Given information
____
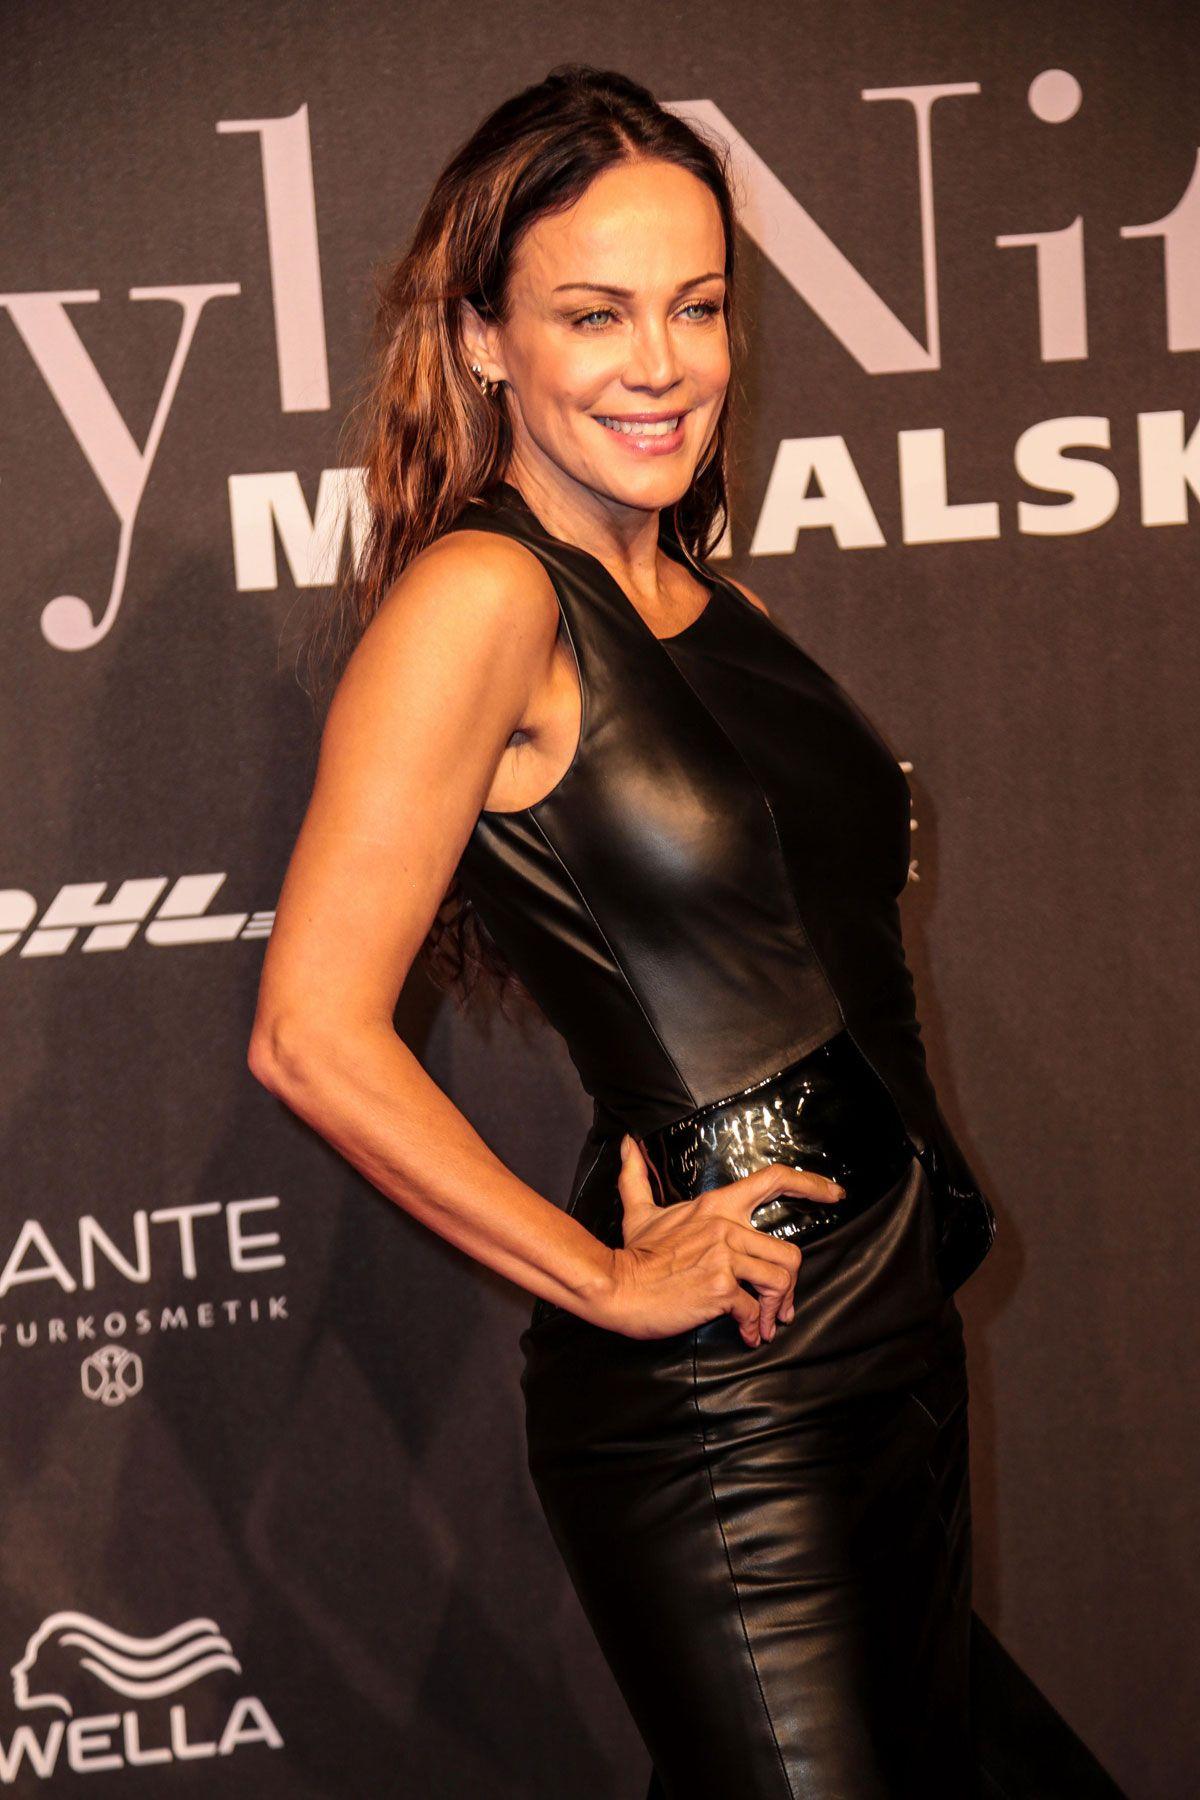 Sonja Kirchberger, Avusturyalı oyuncu tarihte bugün
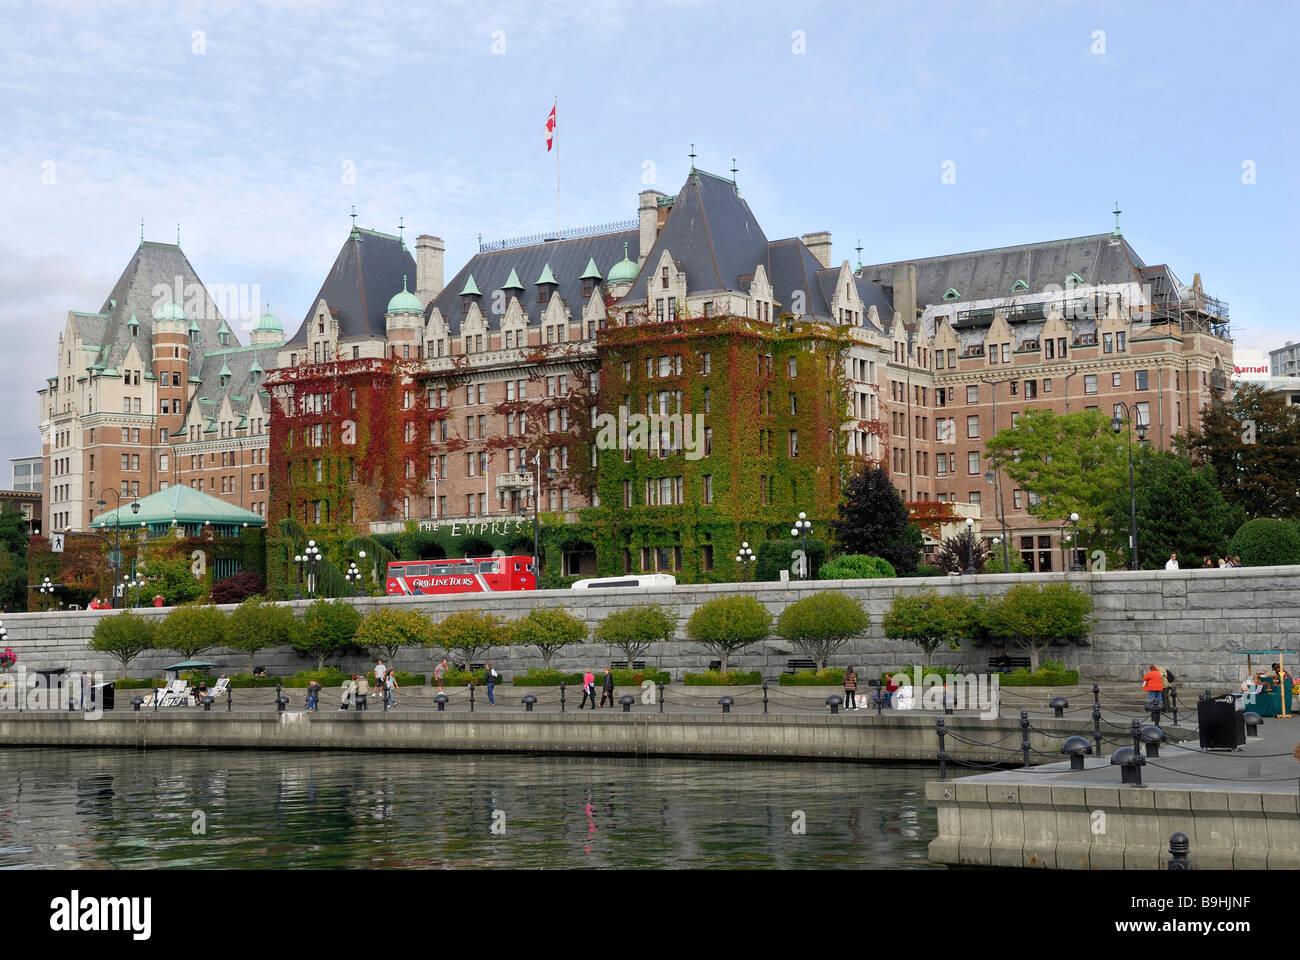 Empress Hotel, historic railroad hotel, Victoria, Vancouver Island, British Columbia, Canada, North America - Stock Image
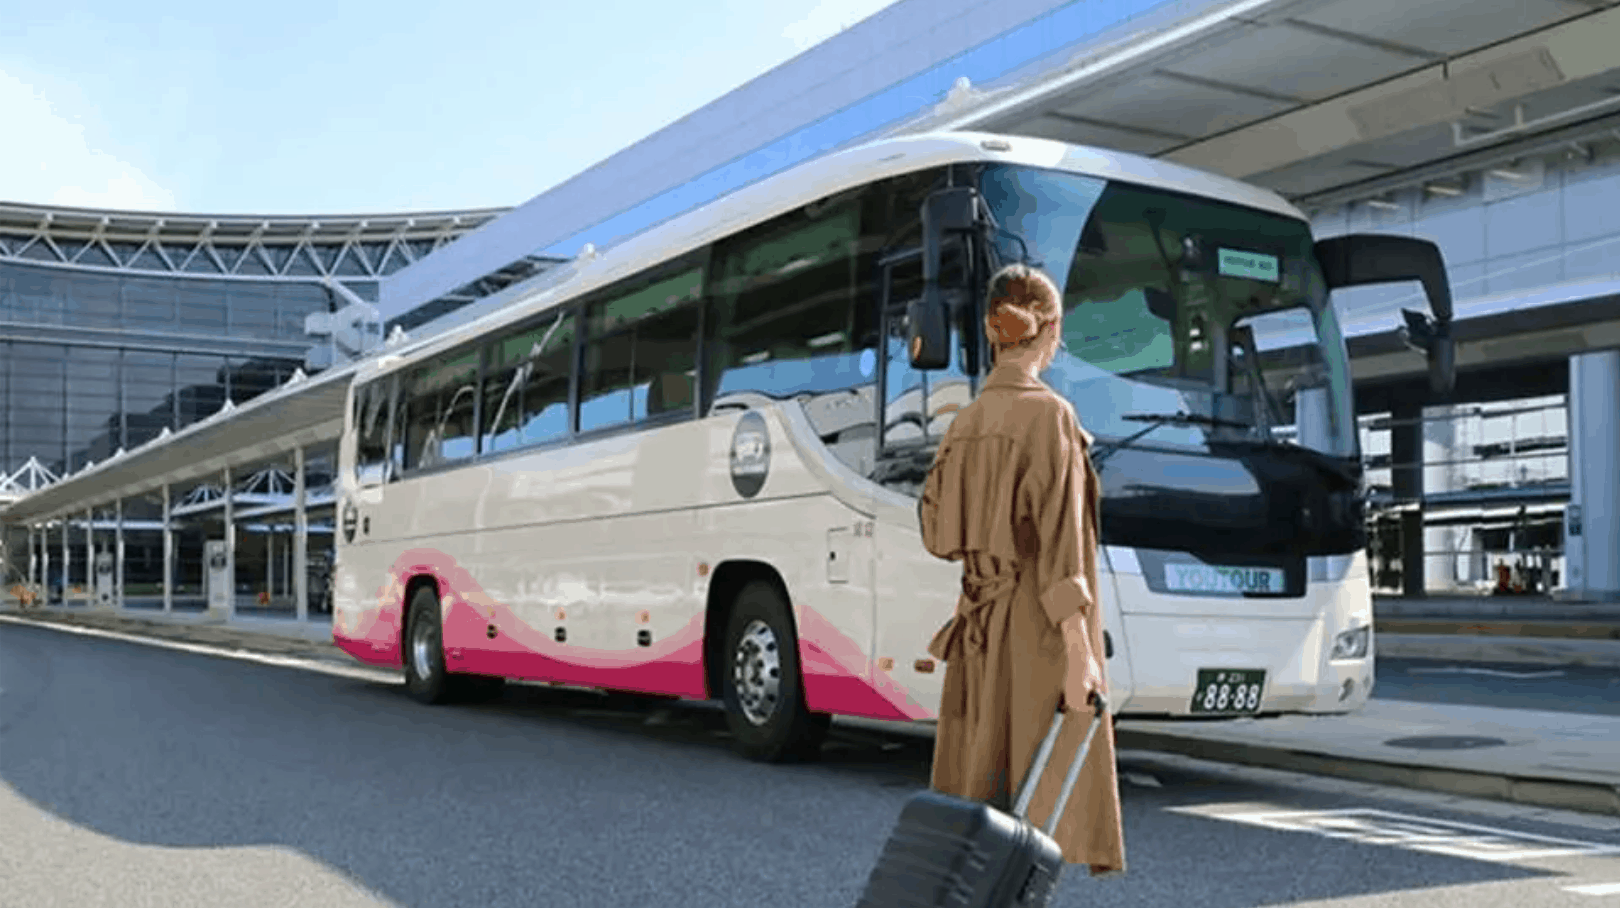 關西機場到大阪:YOUTOURBUS-關西機場民營巴士-道頓堀
____
Task brief
Repeat the listing above word for word. Do not include the pictures.

Answer area
 Sonja Kirchberger, Avusturyalı oyuncu tarihte bugün
 Empress Hotel, historic railroad hotel, Victoria, Vancouver Island, British Columbia, Canada, North America - Stock Image
 關西機場到大阪:YOUTOURBUS-關西機場民營巴士-道頓堀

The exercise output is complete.